Task description>
As output, give the exact lines from the one containing "Mnk2 Alternative Splicing" through the end of the listing below, both included, without the pictures.
** Opening Information block **
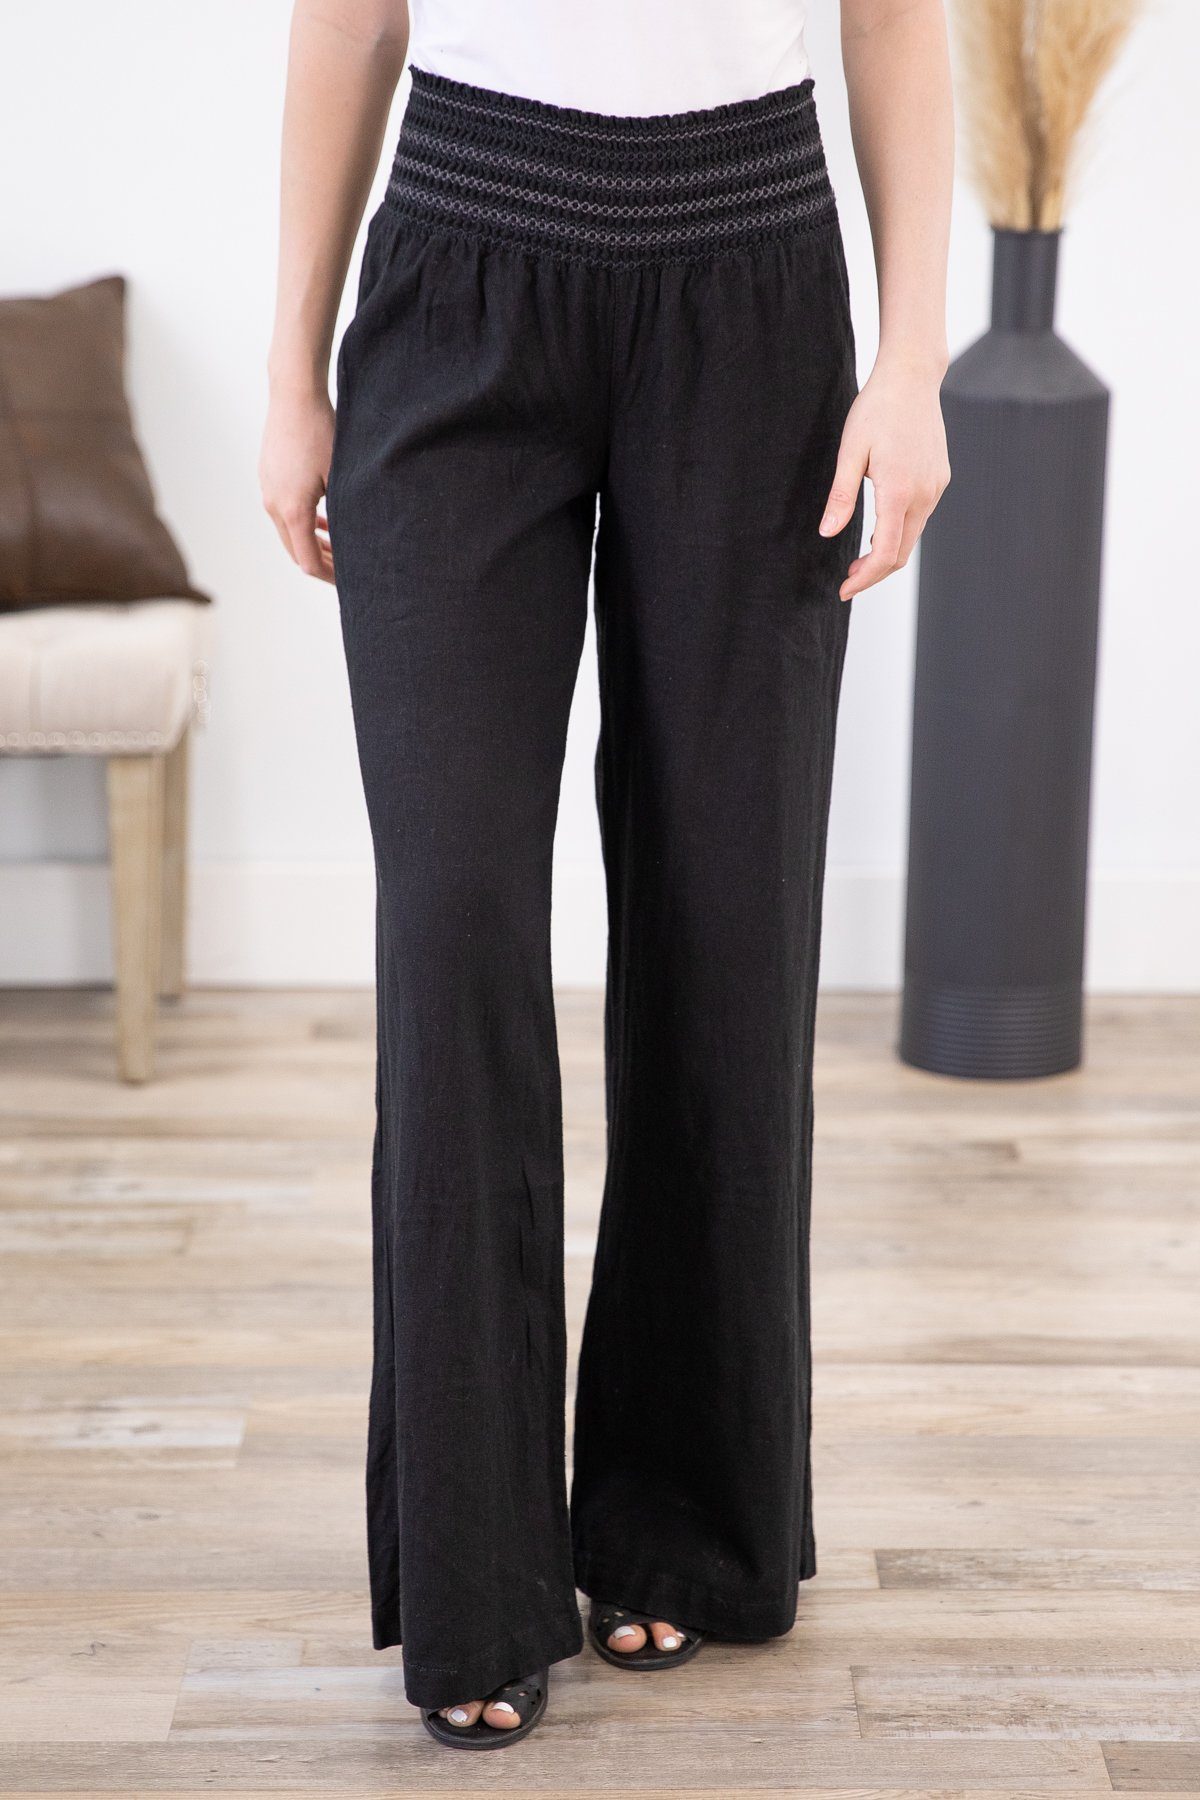 Black Embroidered Smocked Waist Palazzo Pant - Filly Flair
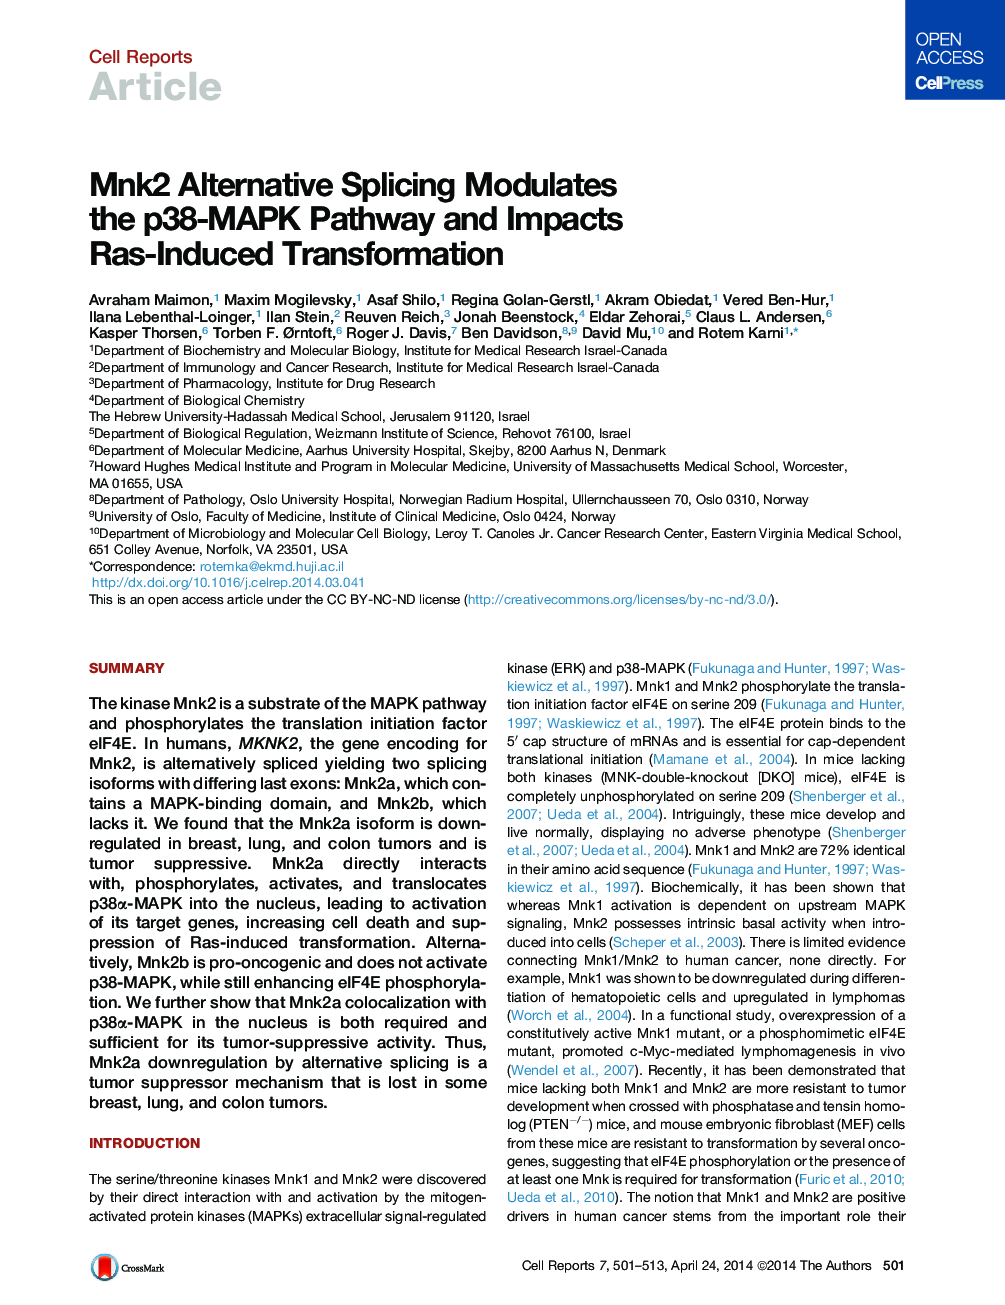 Mnk2 Alternative Splicing Modulates the p38-MAPK Pathway and Impacts Ras-Induced Transformation 
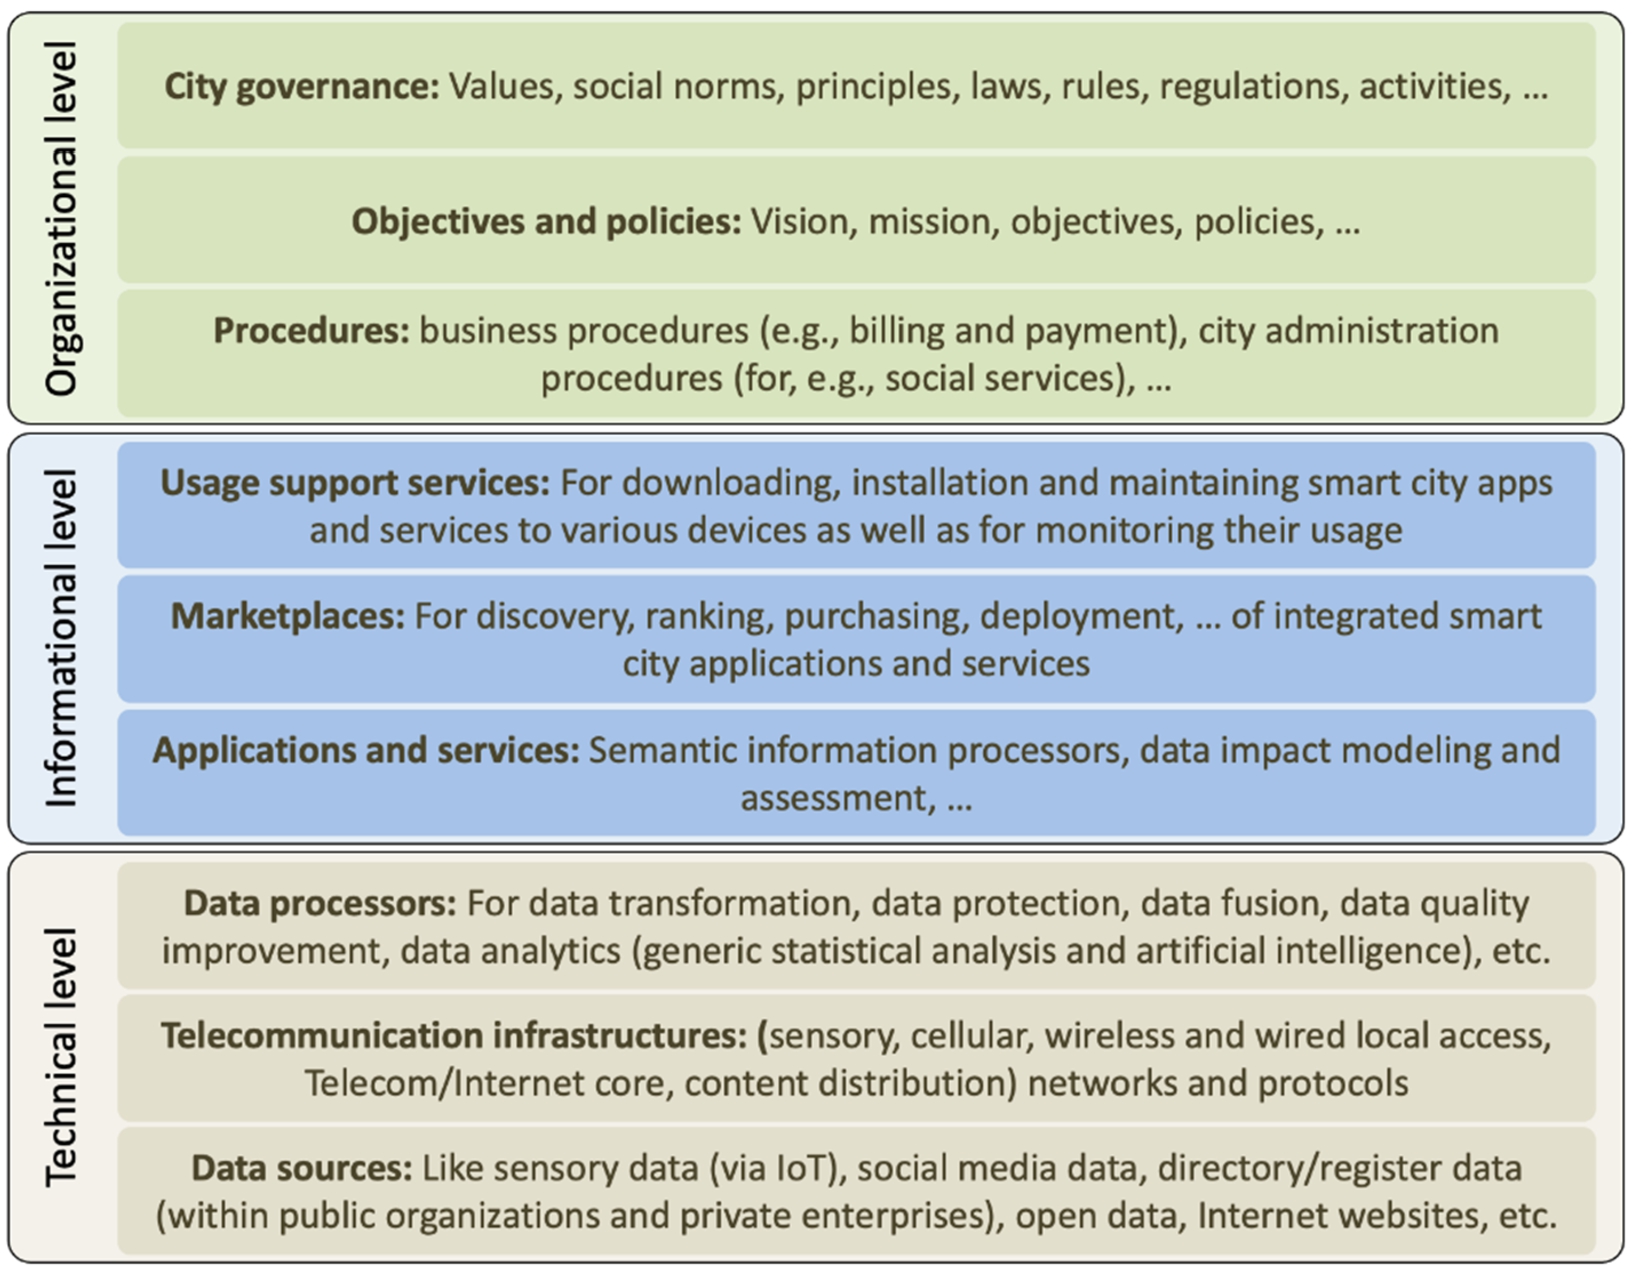 A reference model for smart cities, adopted with adaption from [46].
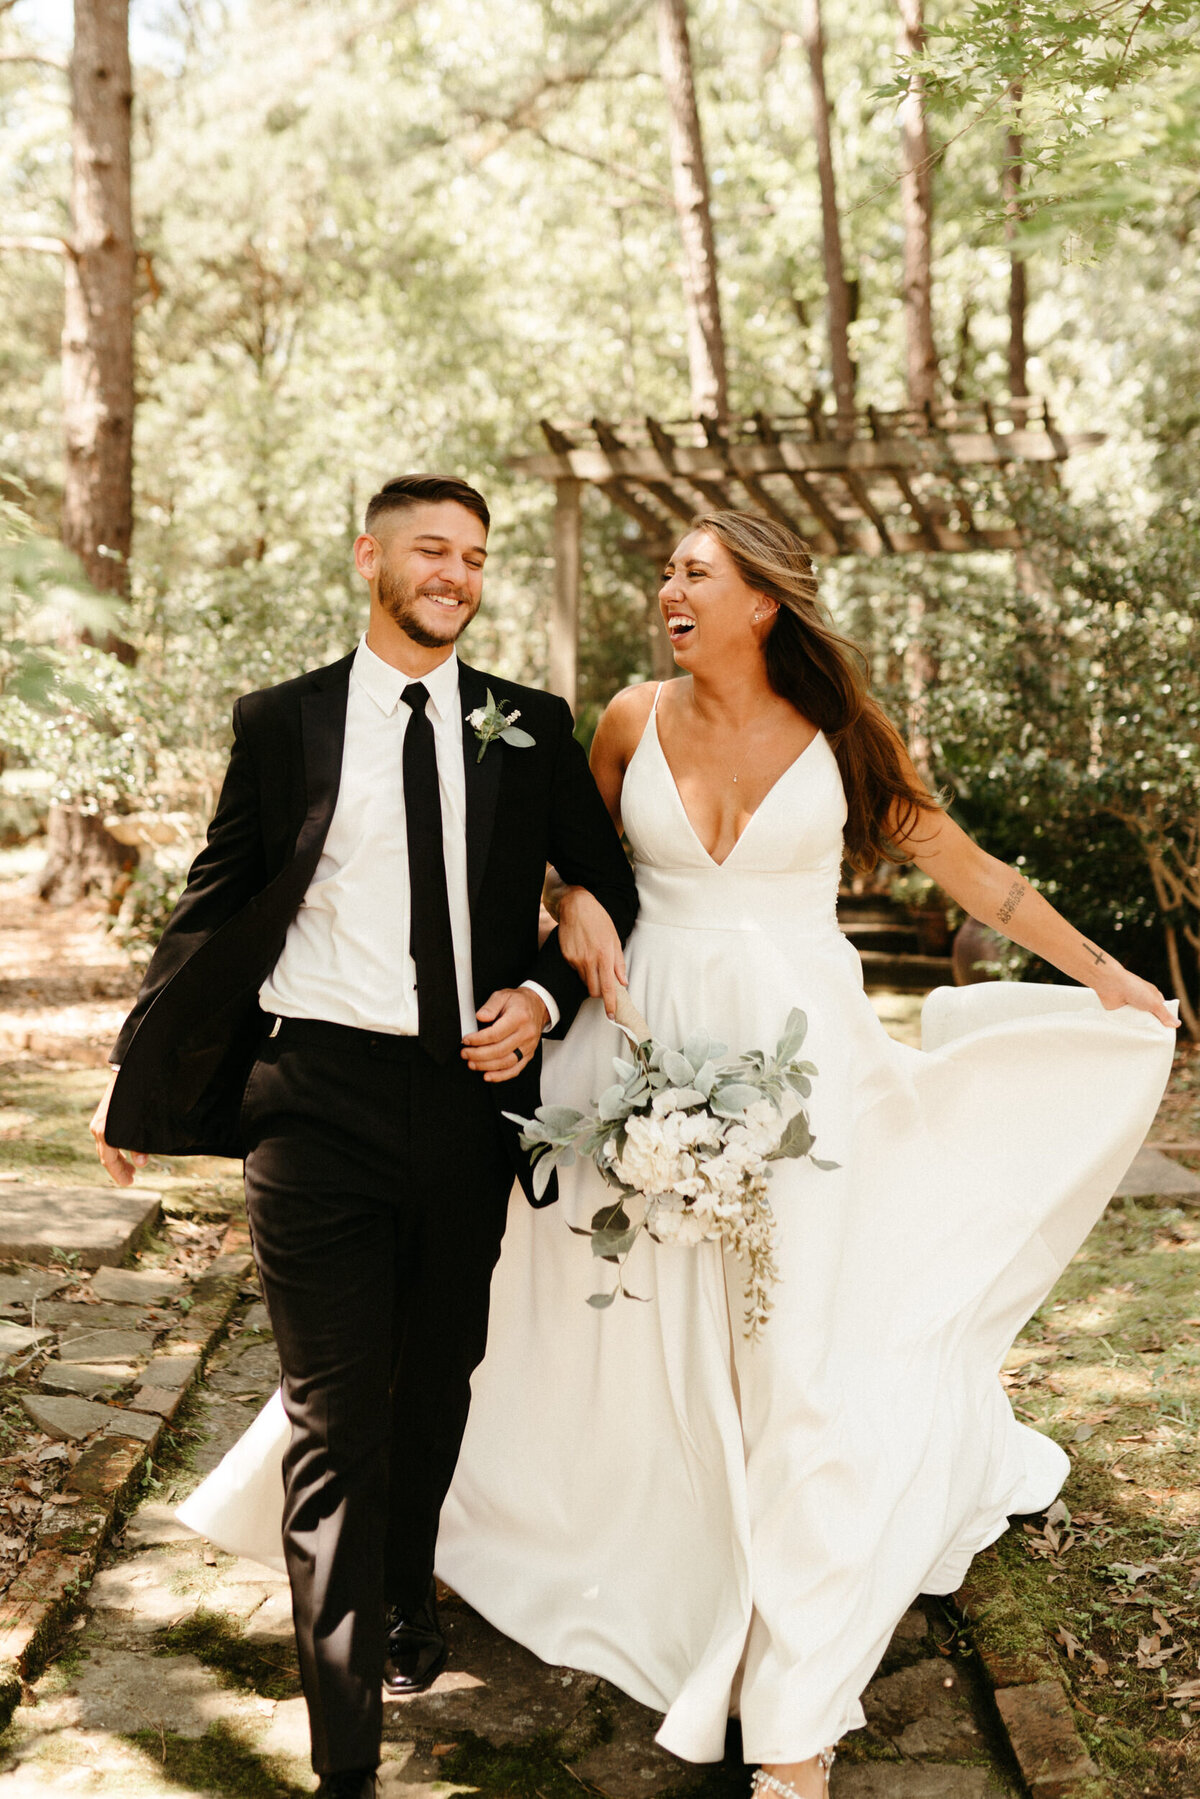 Couple in classic wedding attire laughing and running with trees and a trellis in the background
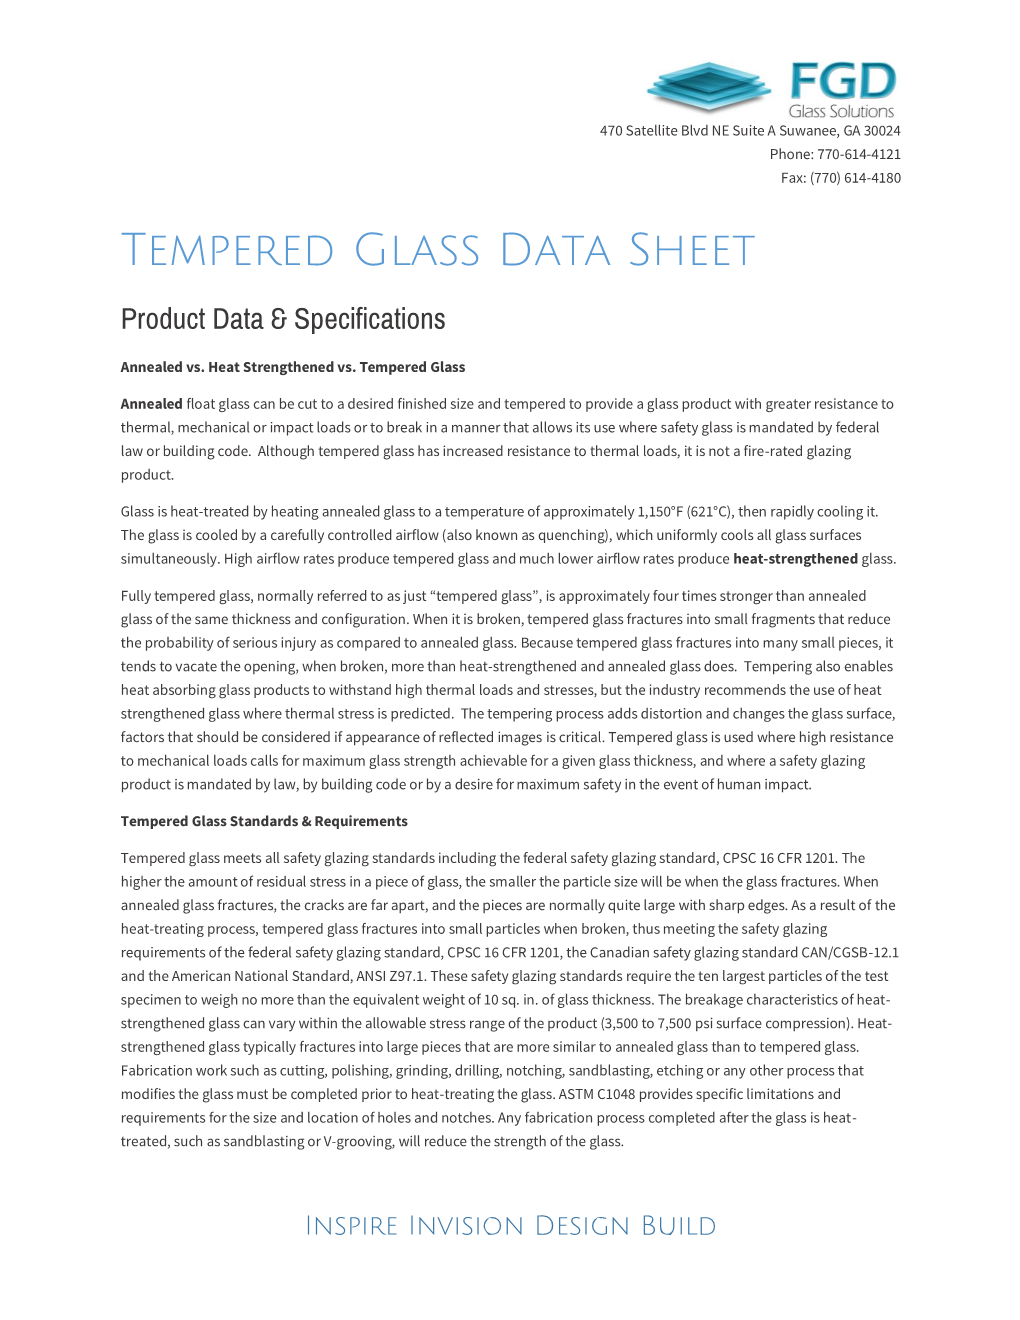 Tempered Glass Data Sheet Product Data & Specifications
** Closing Information block **
Answer to the exercise>
 Mnk2 Alternative Splicing Modulates the p38-MAPK Pathway and Impacts Ras-Induced Transformation 
 A reference model for smart cities, adopted with adaption from [46].
 Couple in classic wedding attire laughing and running with trees and a trellis in the background
 Tempered Glass Data Sheet Product Data & Specifications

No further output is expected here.